◆ Record excerpts:
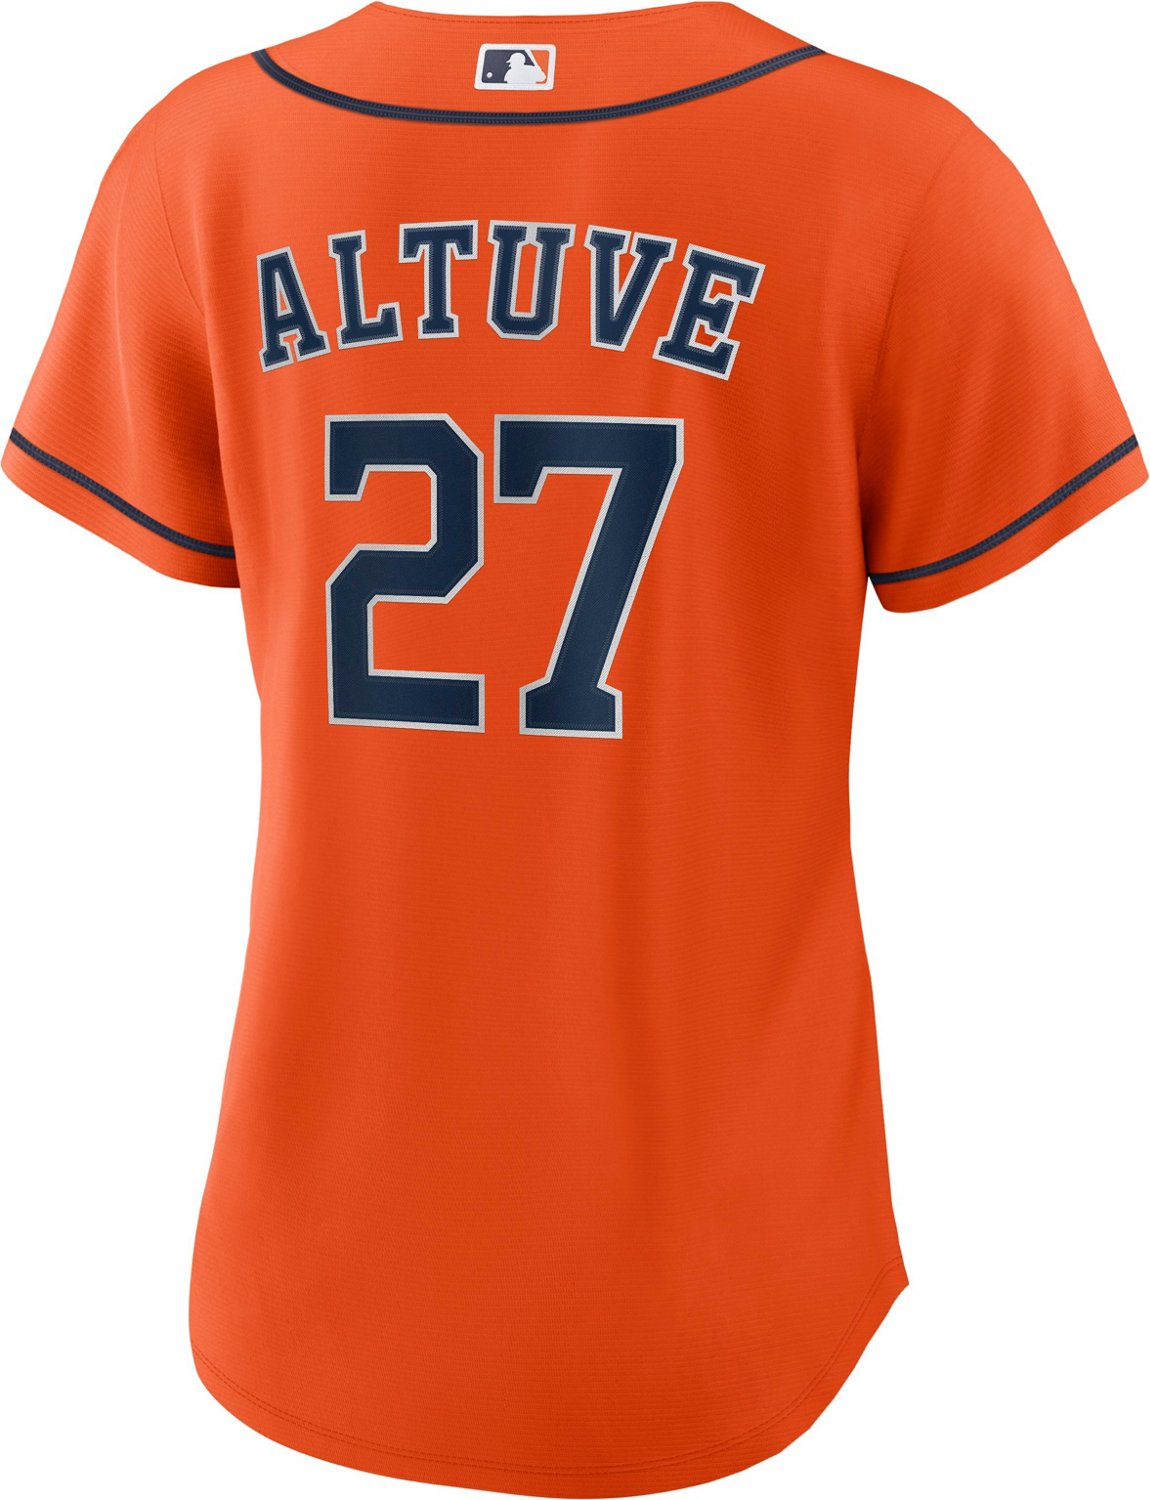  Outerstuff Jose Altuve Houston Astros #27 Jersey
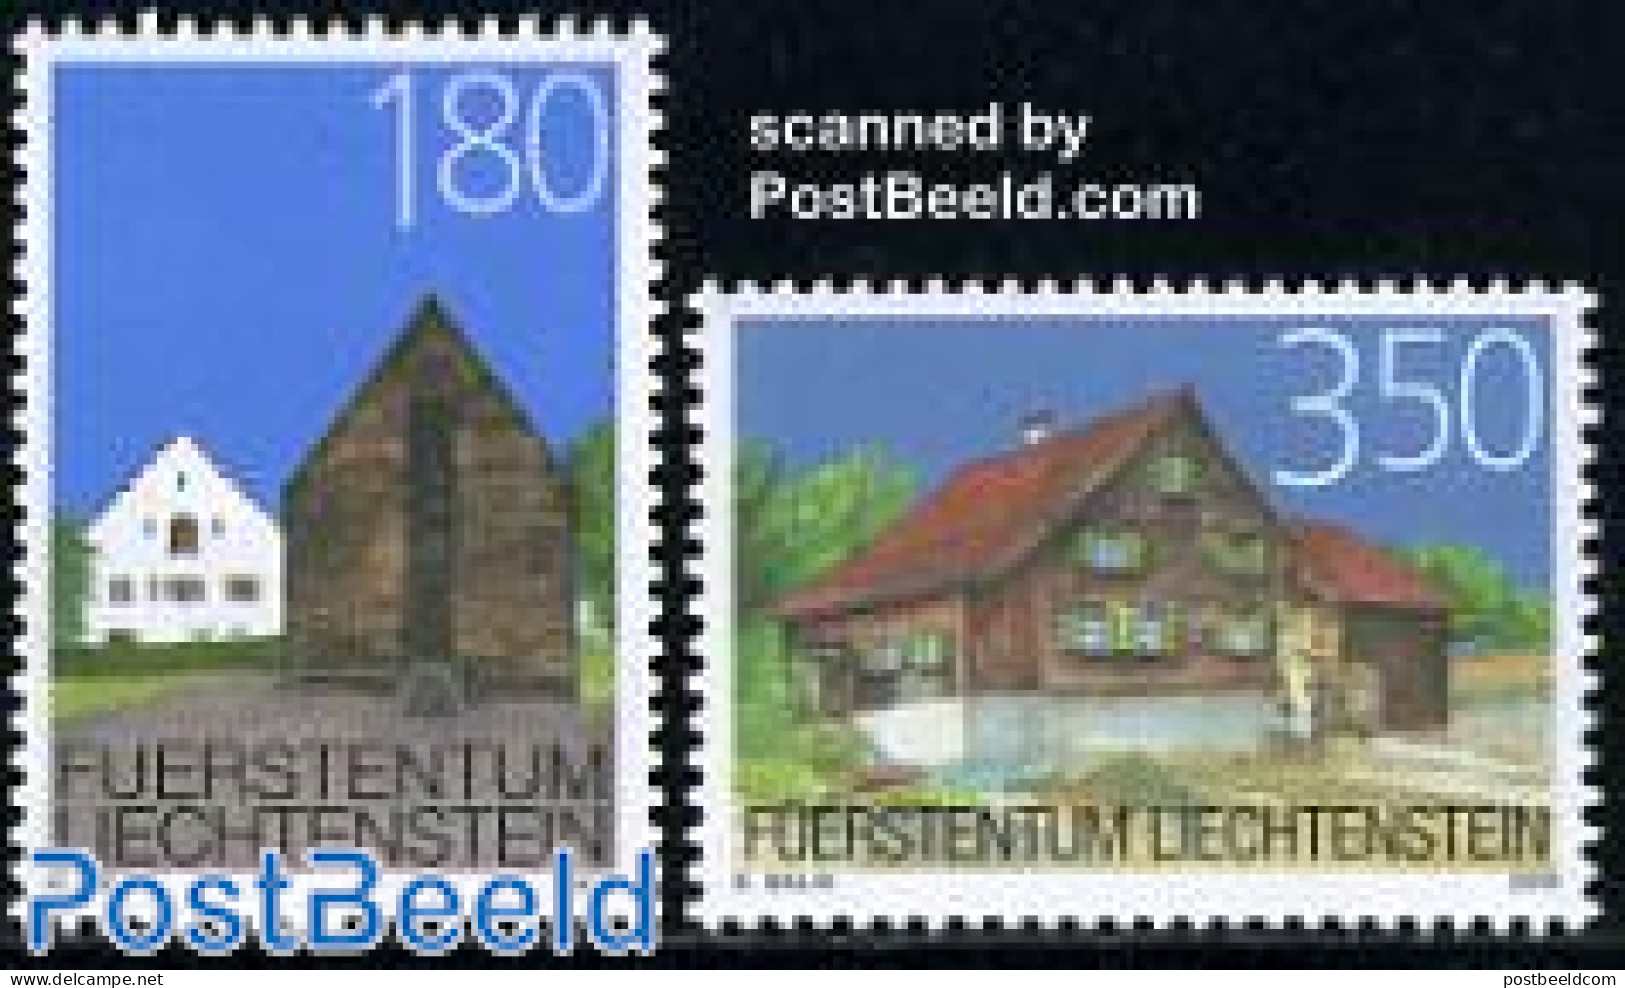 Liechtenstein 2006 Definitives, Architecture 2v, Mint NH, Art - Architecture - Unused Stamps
...
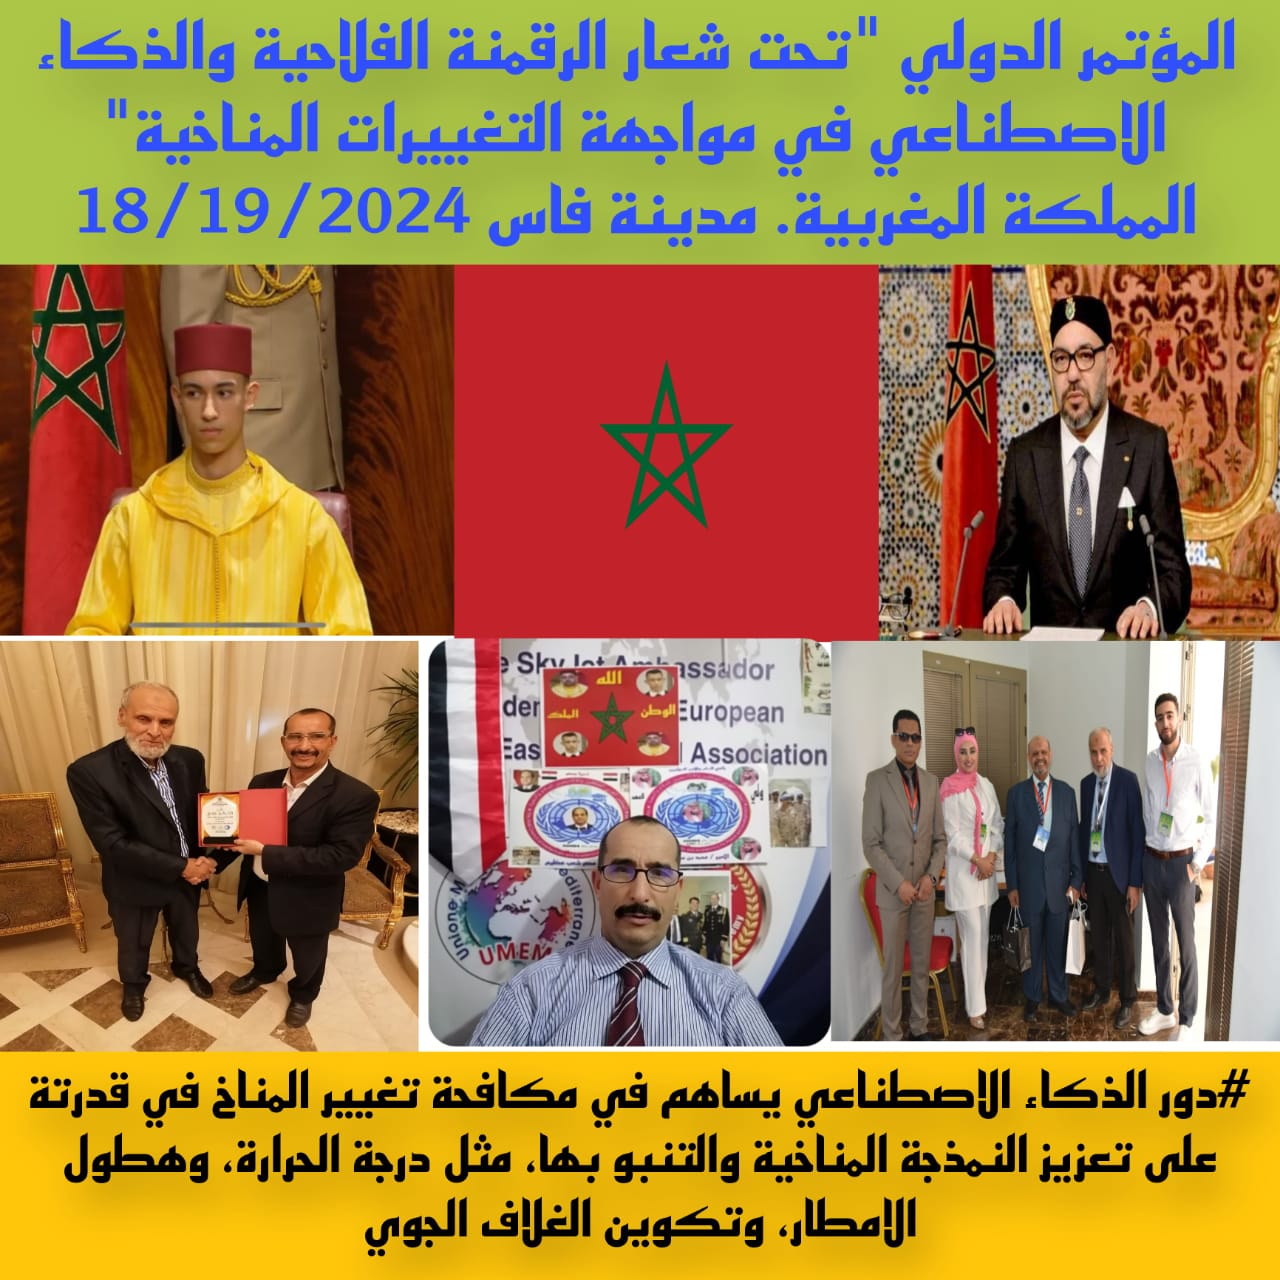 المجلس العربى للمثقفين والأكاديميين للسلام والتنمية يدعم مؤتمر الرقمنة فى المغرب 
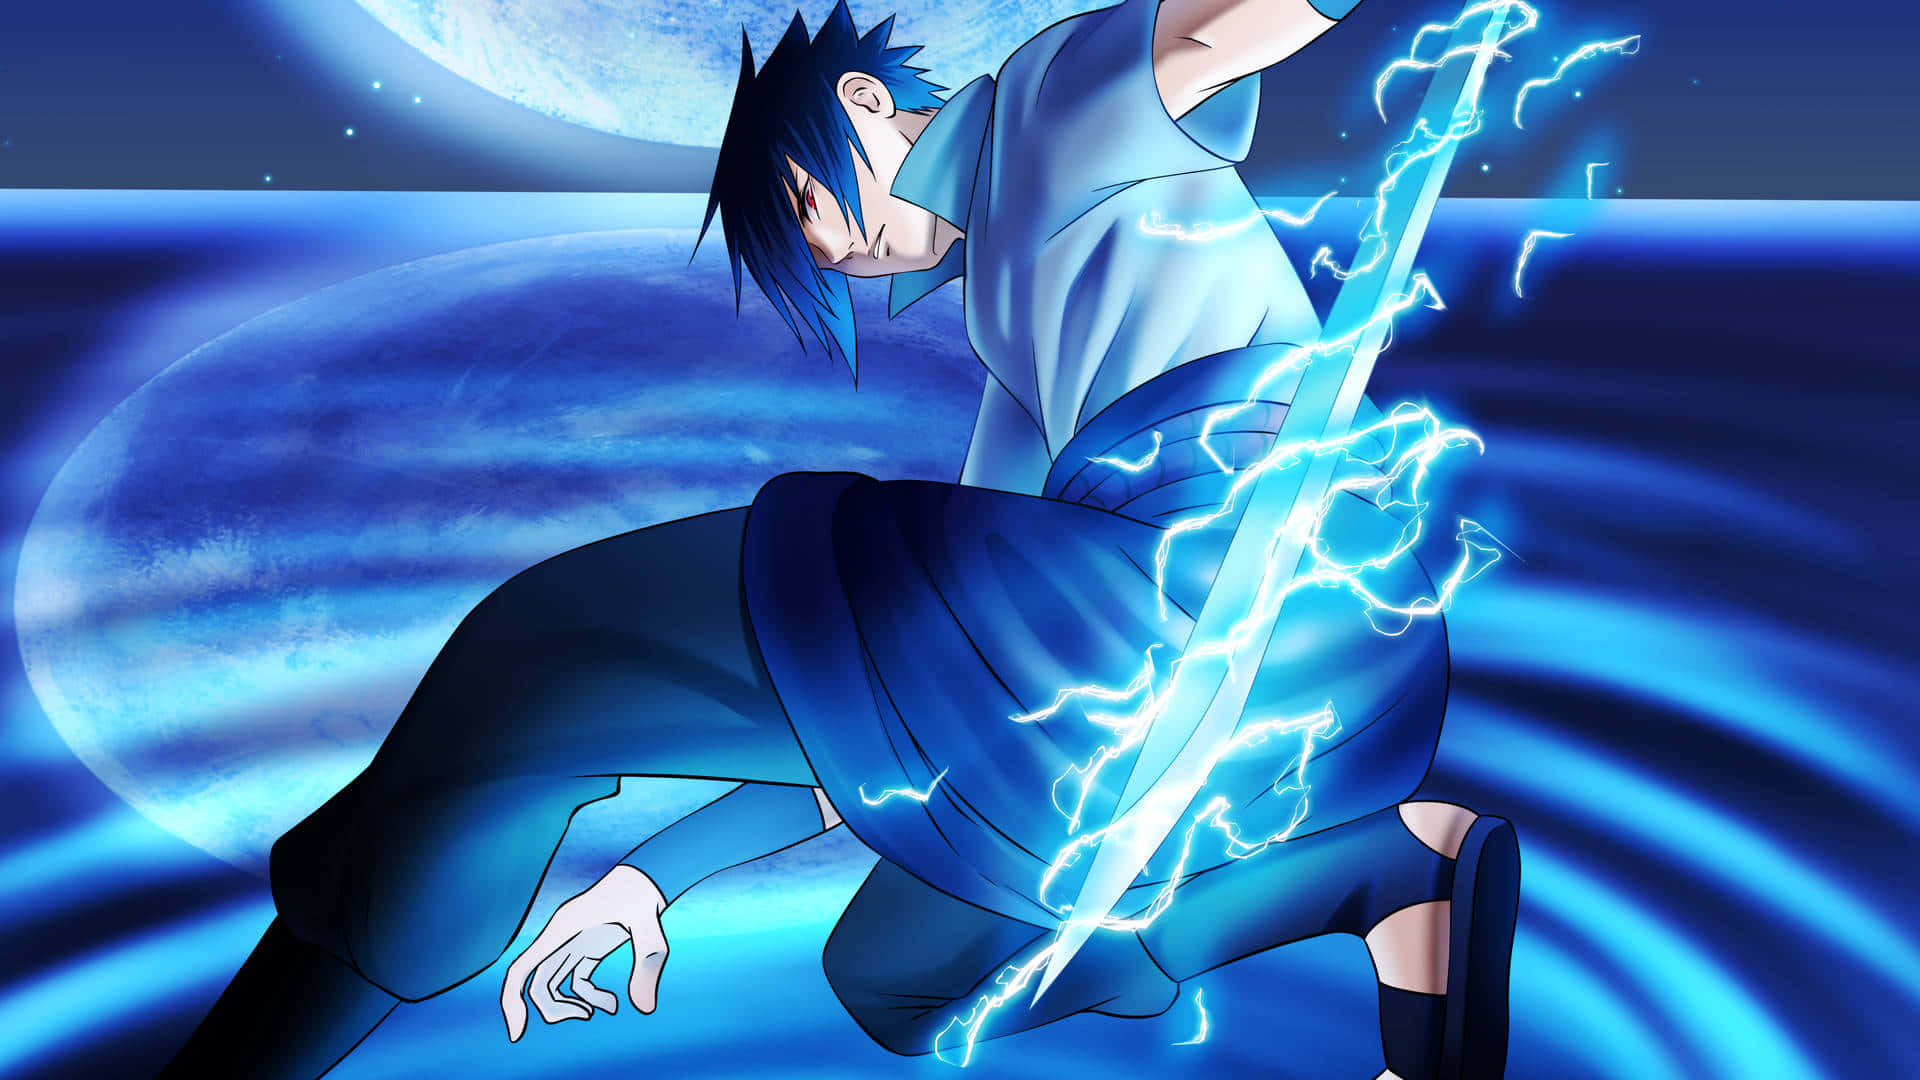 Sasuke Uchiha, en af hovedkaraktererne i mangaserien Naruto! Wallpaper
...
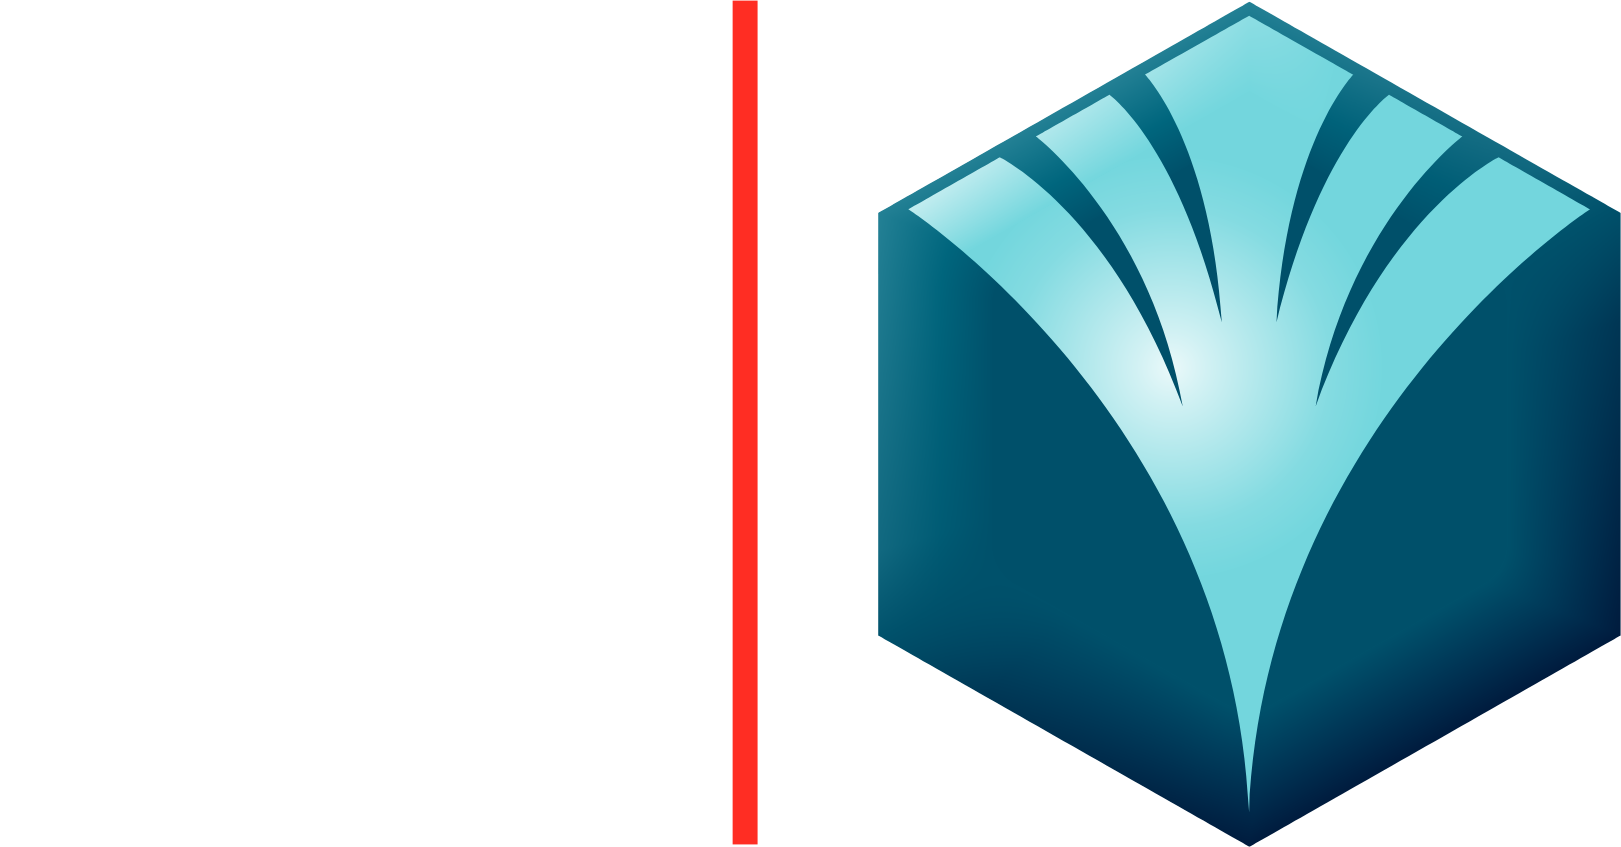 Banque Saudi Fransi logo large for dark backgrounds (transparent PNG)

◆ Problem details:
Starting with the line that has "Outerstuff Jose Altuve" and going on through the line that has "Liechtenstein 2006 Definitives, Architecture", transcribe the records above exactly, but skip the pictures.

◆ Answer area:
  Outerstuff Jose Altuve Houston Astros #27 Jersey
 Liechtenstein 2006 Definitives, Architecture 2v, Mint NH, Art - Architecture - Unused Stamps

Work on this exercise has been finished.